> _MATERIAL FOR THIS TASK_:

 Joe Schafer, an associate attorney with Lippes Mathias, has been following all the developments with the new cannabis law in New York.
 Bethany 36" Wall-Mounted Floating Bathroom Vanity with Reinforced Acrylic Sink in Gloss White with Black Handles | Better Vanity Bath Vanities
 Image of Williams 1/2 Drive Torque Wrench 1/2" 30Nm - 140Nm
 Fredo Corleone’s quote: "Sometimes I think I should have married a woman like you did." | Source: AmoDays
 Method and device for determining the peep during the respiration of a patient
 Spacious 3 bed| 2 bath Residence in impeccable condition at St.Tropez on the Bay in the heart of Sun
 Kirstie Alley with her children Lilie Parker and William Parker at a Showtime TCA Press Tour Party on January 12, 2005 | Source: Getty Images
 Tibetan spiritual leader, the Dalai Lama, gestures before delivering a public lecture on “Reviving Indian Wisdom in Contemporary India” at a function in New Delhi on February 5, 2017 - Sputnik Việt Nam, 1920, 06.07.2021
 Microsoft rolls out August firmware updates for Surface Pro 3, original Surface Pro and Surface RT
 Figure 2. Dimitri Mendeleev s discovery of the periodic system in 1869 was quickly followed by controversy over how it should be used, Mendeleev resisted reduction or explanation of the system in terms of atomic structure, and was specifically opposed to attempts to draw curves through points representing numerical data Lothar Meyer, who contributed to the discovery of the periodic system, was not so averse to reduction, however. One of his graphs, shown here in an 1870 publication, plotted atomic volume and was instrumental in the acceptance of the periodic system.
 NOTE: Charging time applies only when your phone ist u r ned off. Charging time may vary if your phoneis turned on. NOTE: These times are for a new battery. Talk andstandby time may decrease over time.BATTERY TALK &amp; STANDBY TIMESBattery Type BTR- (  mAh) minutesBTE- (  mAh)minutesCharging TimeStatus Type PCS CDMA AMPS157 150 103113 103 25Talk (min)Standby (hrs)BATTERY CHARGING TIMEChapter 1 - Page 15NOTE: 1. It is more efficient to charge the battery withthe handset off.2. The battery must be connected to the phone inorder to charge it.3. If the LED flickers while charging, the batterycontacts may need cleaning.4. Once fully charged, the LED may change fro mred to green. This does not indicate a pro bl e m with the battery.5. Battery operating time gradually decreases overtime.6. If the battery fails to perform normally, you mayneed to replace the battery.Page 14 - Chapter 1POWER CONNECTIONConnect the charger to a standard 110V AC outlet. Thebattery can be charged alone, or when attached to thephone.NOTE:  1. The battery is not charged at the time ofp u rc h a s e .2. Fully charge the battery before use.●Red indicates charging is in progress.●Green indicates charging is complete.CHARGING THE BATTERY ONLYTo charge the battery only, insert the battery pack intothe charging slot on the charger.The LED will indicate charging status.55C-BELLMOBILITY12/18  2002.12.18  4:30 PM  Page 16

> _ASSIGNMENT_:
All lines from the beginning of the material above through the one with "Vanity Bath Vanities" need to be returned exactly; please return those and only those.

> _EXERCISE SOLUTION_:
 Joe Schafer, an associate attorney with Lippes Mathias, has been following all the developments with the new cannabis law in New York.
 Bethany 36" Wall-Mounted Floating Bathroom Vanity with Reinforced Acrylic Sink in Gloss White with Black Handles | Better Vanity Bath Vanities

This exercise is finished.